What you will do:
When the line with "Augustusbrücke pano" turns up below, begin repeating exactly, and carry on through the line with "Baby Nutrition Seasonal"; no pictures go into the copy.

Input data:
*** Block opens ***

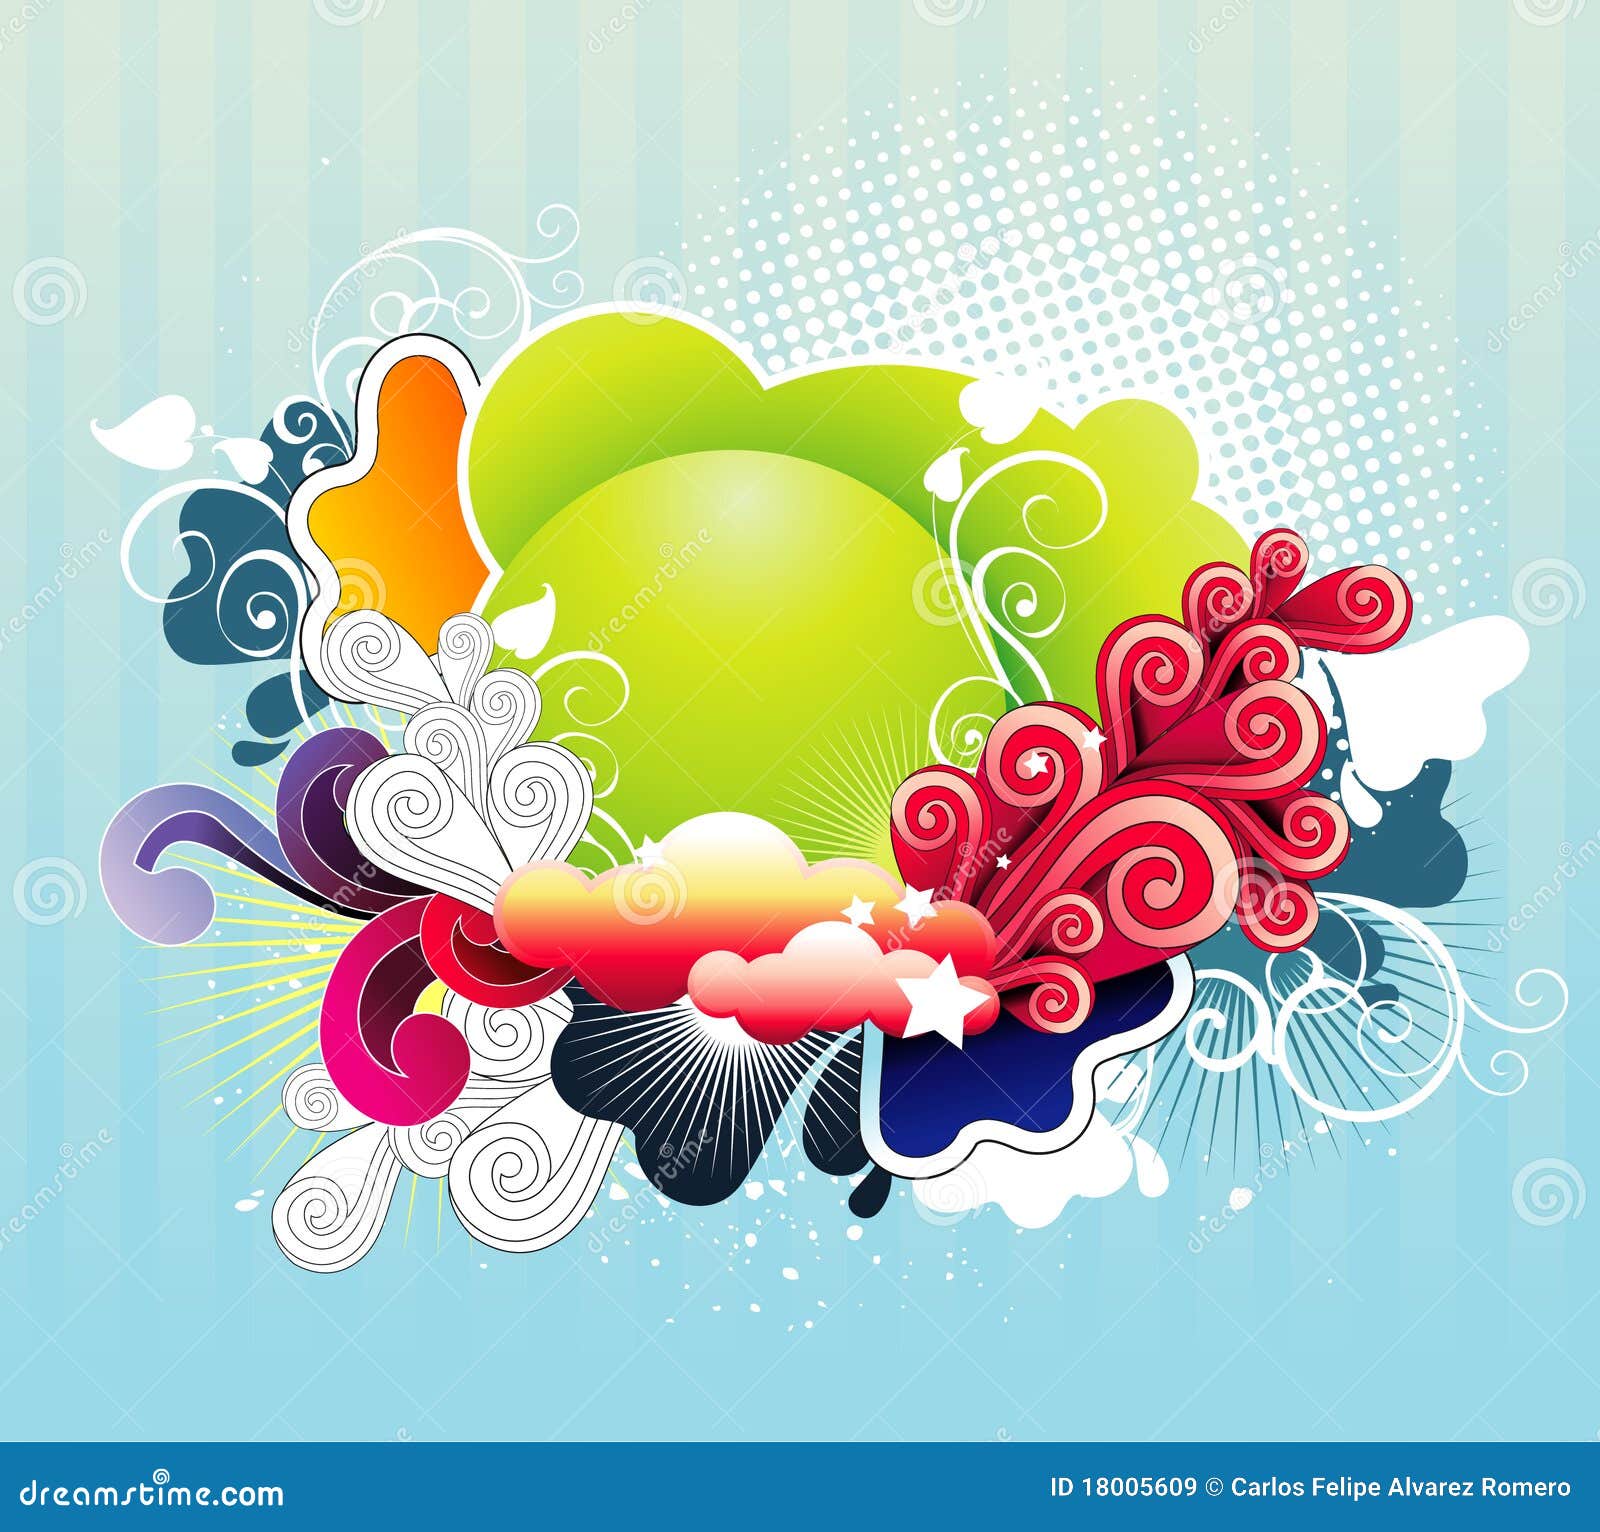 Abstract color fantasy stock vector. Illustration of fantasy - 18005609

*** Block closes ***
*** Block opens ***

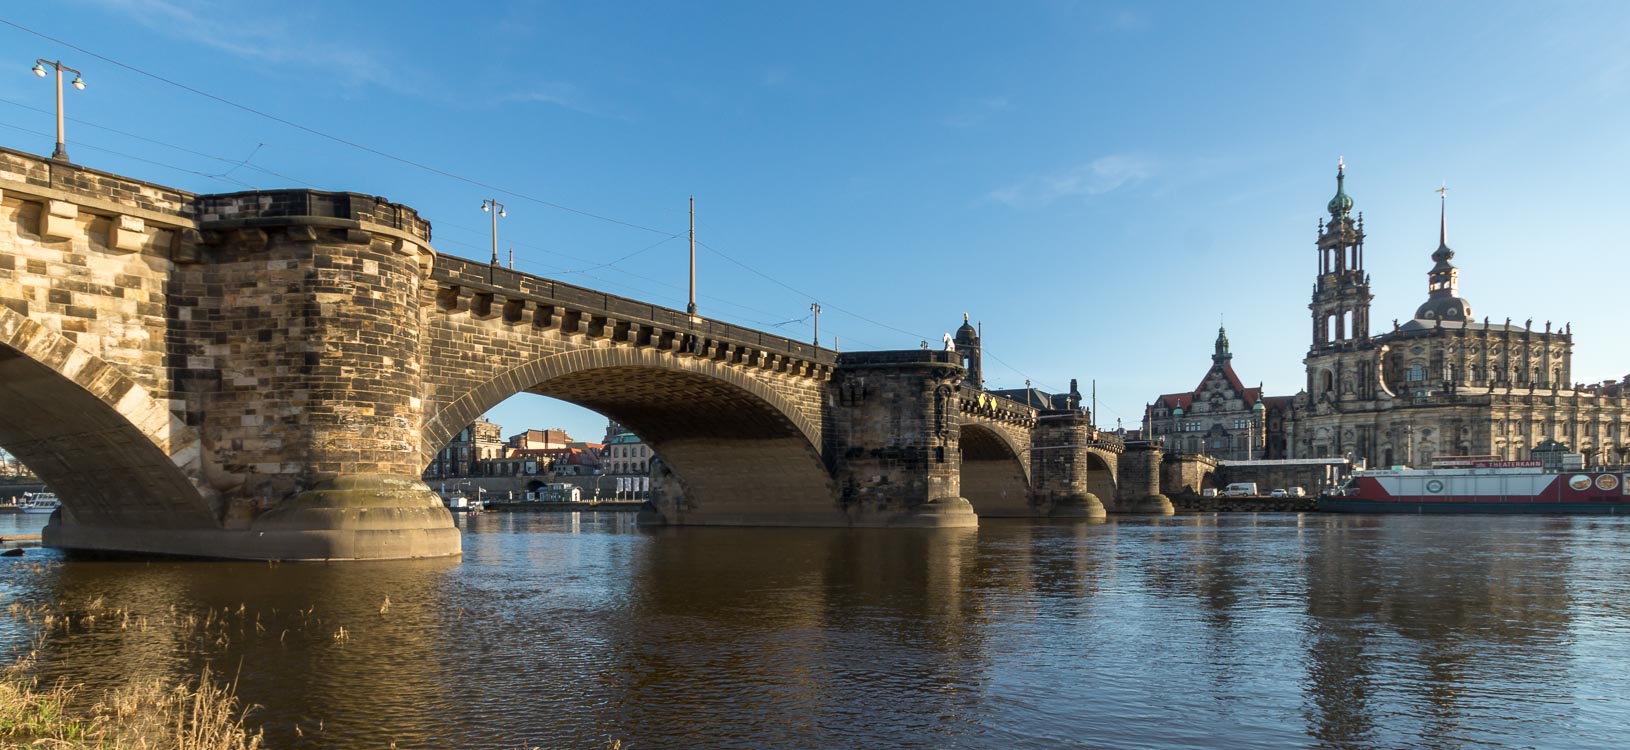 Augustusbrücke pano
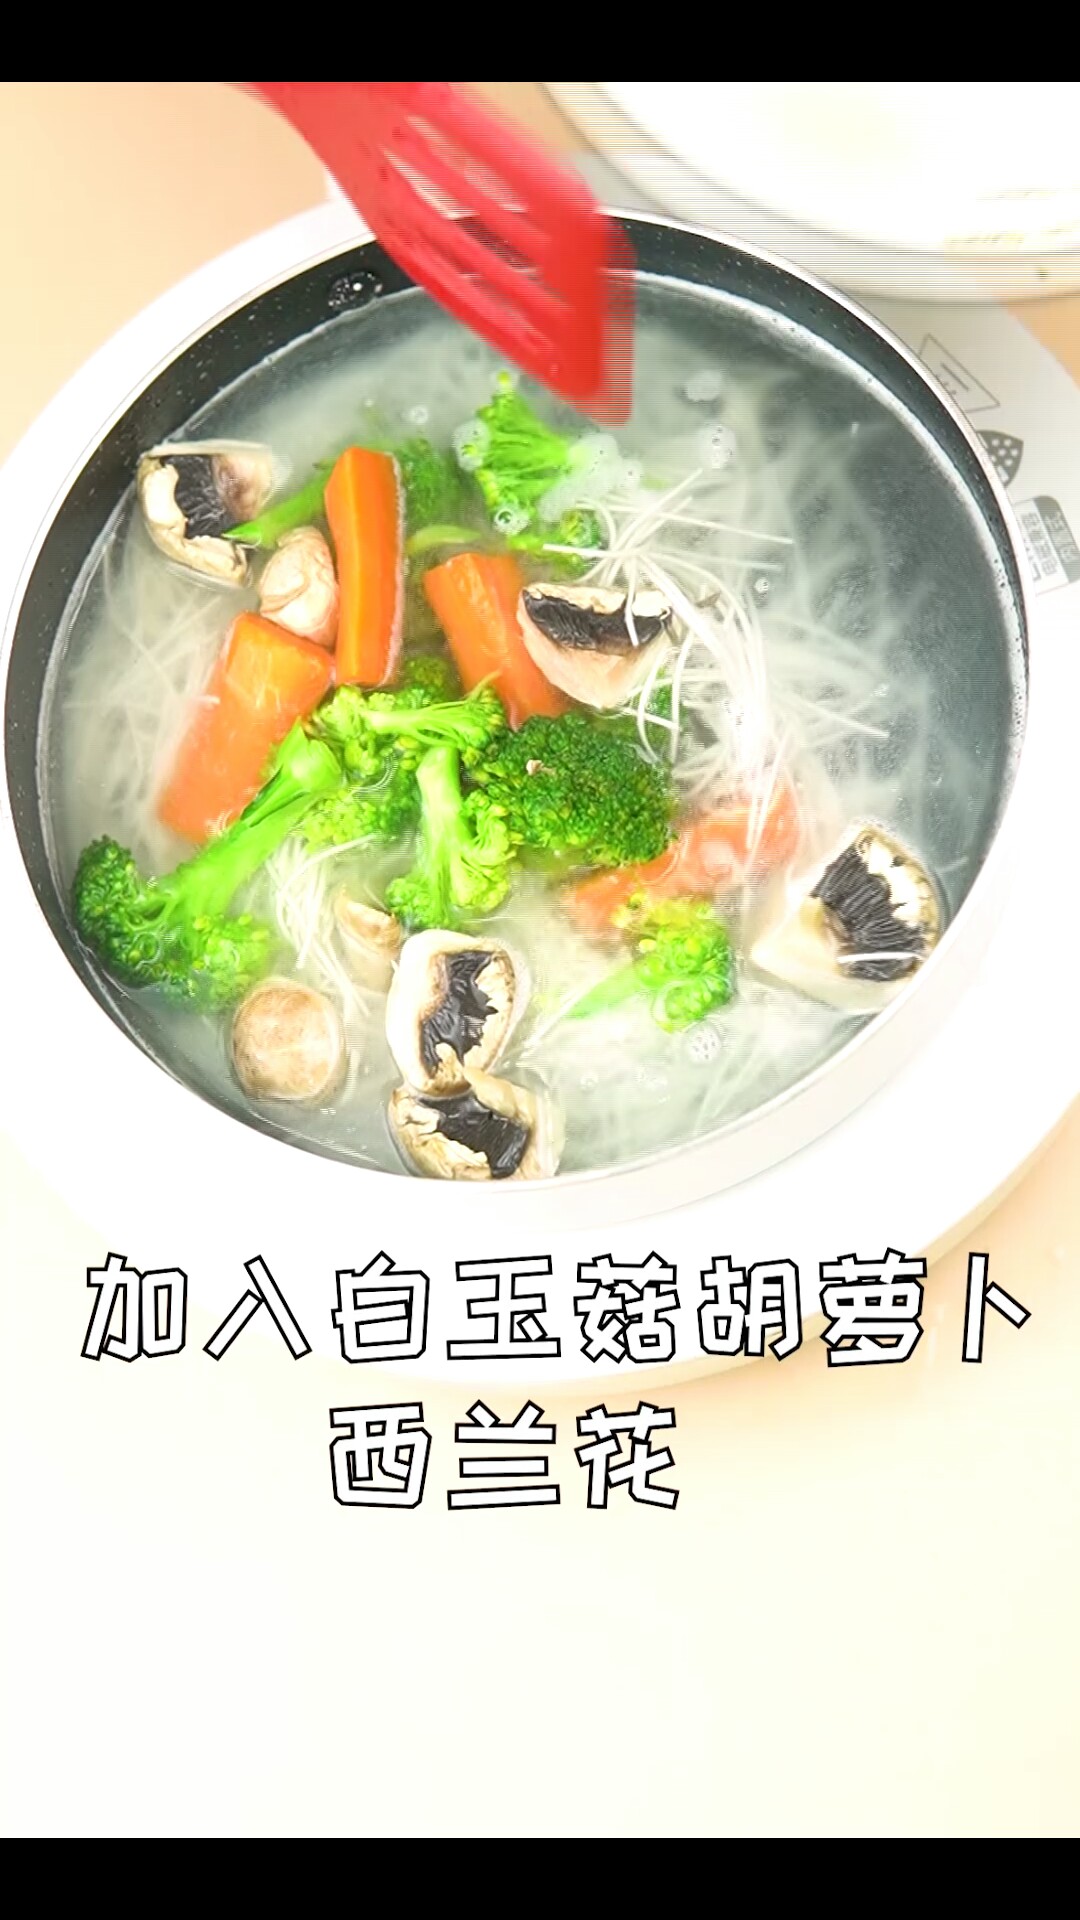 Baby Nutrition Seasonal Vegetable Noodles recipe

*** Block closes ***
*** Block opens ***

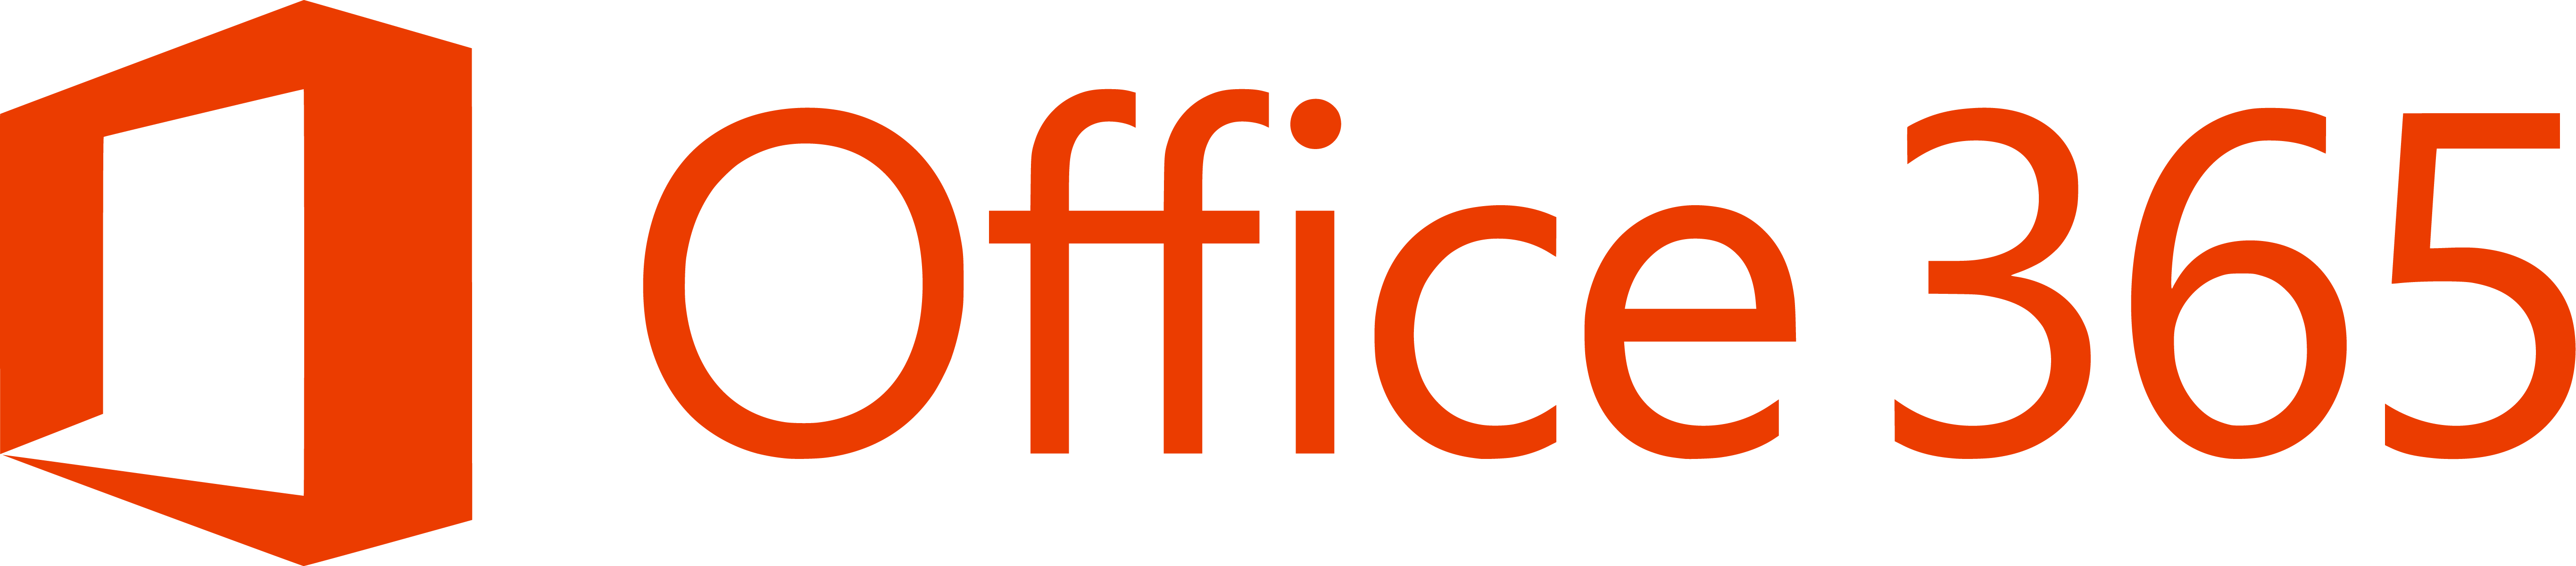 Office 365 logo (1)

*** Block closes ***

Answer area:
 Augustusbrücke pano
 Baby Nutrition Seasonal Vegetable Noodles recipe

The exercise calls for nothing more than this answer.